Thursday, June 30, 2011

Thunder and Lightning

It rained in my town over the winter. And in the spring. Never a lot. If you go by the definition of a desert as receiving less than 10 inches of rain per year, then I live in a desert, which, as you probably already know, is the Sahara.

I talked with this one guy in Marrakech months ago and when I told him in which town I live, and that it's in the Sahara, he replied that my town is not in the Sahara. And then he mentioned the name of a town where the landscape turns to nothing but sand and human construction ends, and he told me that that's the desert. However, according to the definition of a desert which is delineated by the amount of rainfall, I live in the Sahara.

But I digress. As I had been saying, it rained in the winter and spring. I had been figuring that now that the summer has arrived, we wouldn't have any more rain until the end of the year, if not the beginning of next year. I was teaching an English class with one of my better students recently, when I then saw that it was raining. Since I hadn't been expecting rain, I was definitely surprised. I used the occasion to introduce him to the phrase "I couldn't believe my eyes."

Something else I didn't expect in connection with the rain here: thunder and lightning. While I grew up experiencing thunder and lightning, there wasn't any in California, where I lived right before I moved here to Morocco, so I had been missing it when I lived in California. And, since I had been missing it, I enjoy it now when I get to experience it.

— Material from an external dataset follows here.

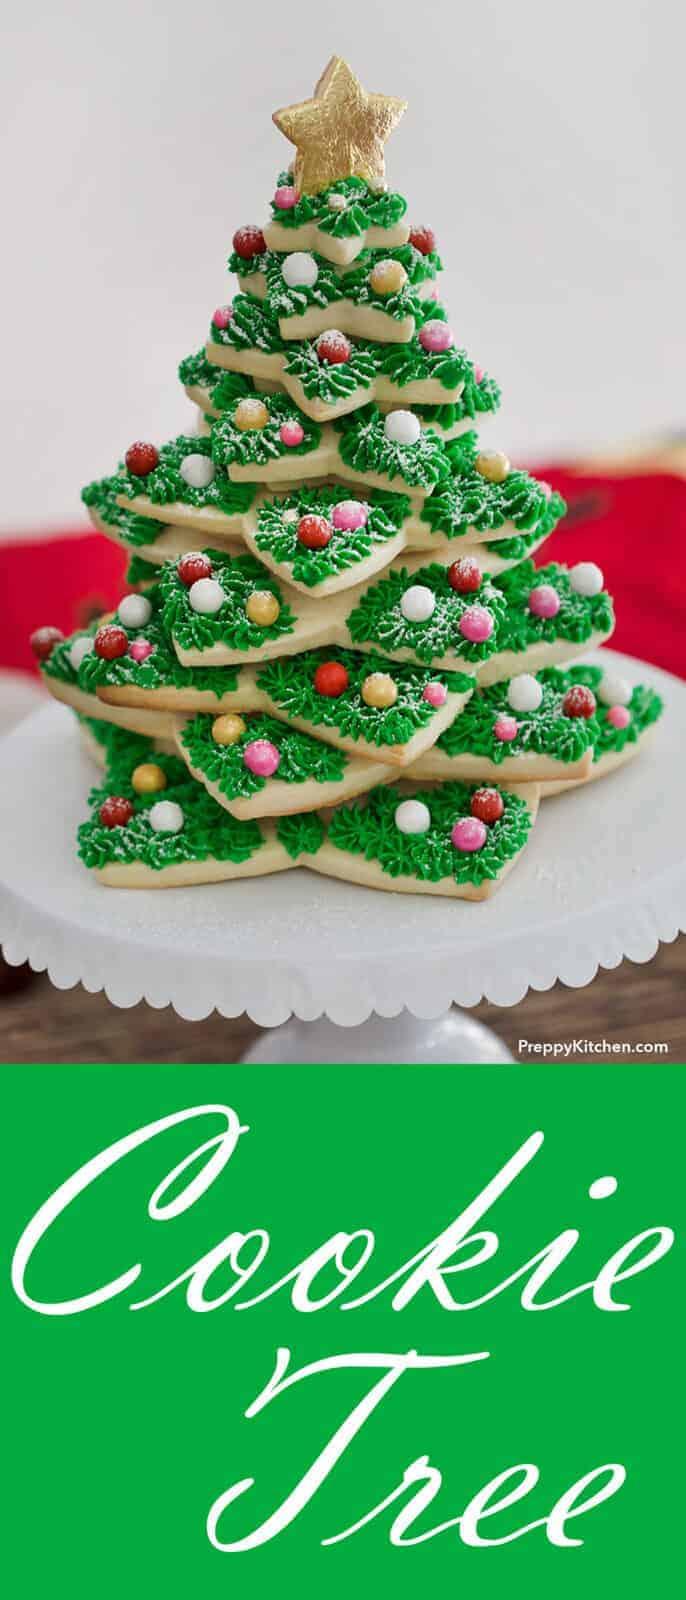 Cookie Tree - Preppy Kitchen

In addition to being unexpected, the rain now is a welcome relief from the heat. While I haven't been finding the heat oppressive, the rain is nevertheless refreshing, since it cools things down. Indeed, these days, when it starts raining, I'm often glad if I happen to be outside because then some of the drops fall on me and help me to cool off a little bit.

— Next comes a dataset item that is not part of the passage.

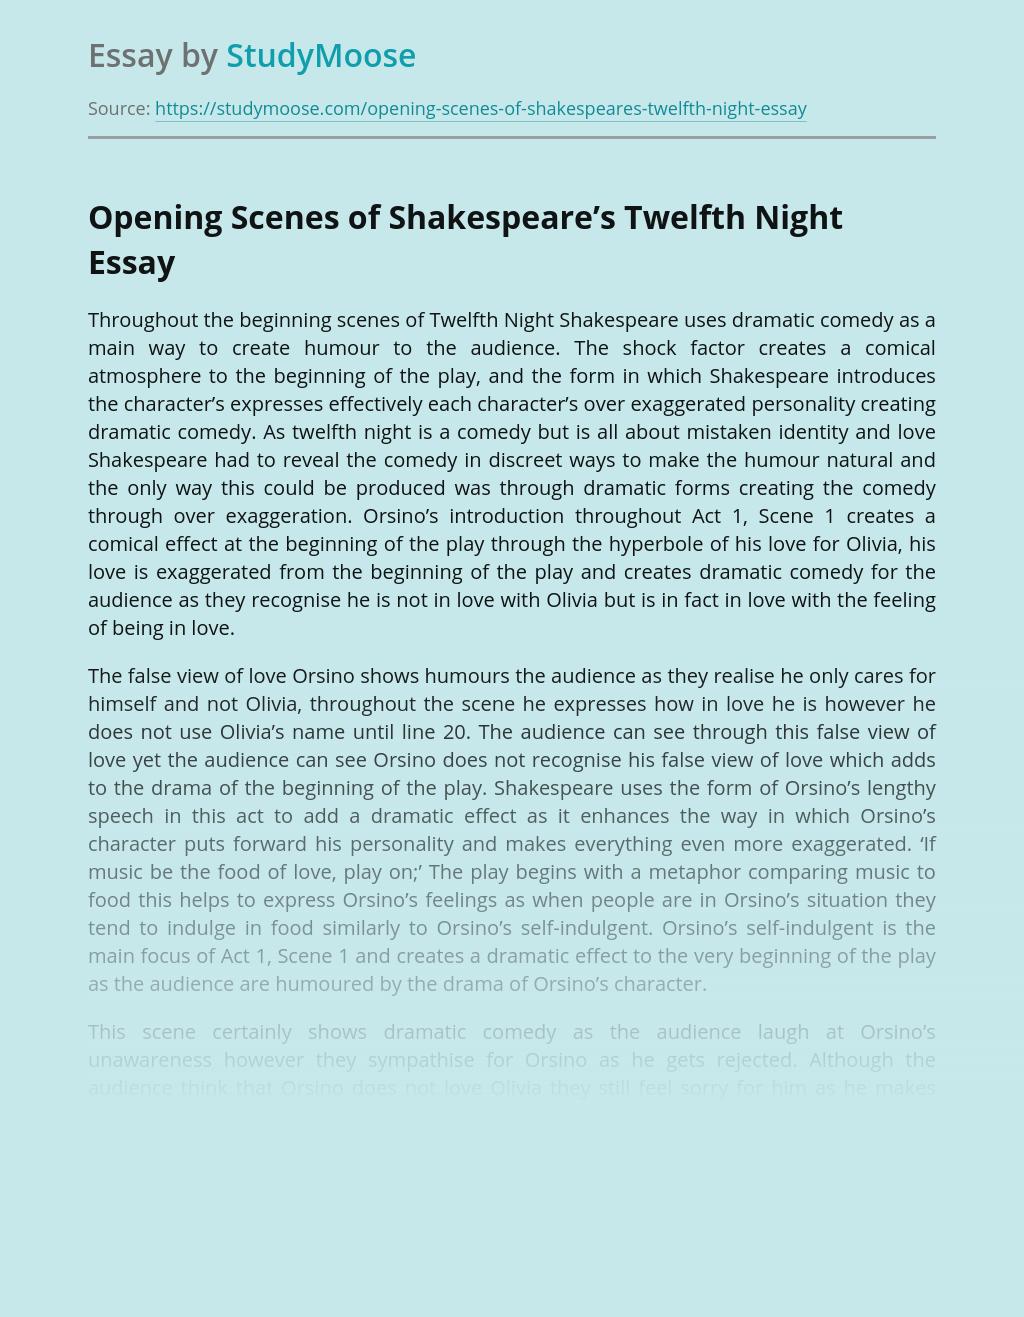 Opening Scenes of Shakespeare's Twelfth Night

At the same time, though, the heat hasn't been bothering me very much, I think partially because I was expecting it to be hotter by now. I mentioned to a friend who's another PCV in Morocco, who's in his second year of service, that I'm surprised when I suddenly realize that my back is drenched in sweat. He replied, "So the heat is affecting your body more than your psyche." I thought that that was a good way of putting it, which also adeptly described how the heat affects me where I live.

But to look at another facet of the heat in my life now, though, I must admit that I sometimes now decide not to go outside because it's hot out. So while I haven't been finding the heat unbearable, I also wouldn't say that it has been having no effect on me.

Of course, I certainly have been drinking more water lately. With the guidance we have received from Peace Corps medical staff, I know that I've been drinking enough water. I just find it remarkable when I drink gulps and gulps of water one after another. And that despite how much water I drink, I urinate only a little. However, I know that both of these phenomena are due to how much I'm sweating out of me. Knowing that I am sweating as much as I am, I consequently and consciously drink a lot of water. Even though the heat hasn't been as bad as I expected it to be, I still am respecting the desert and the attendant heat, and taking care of myself accordingly.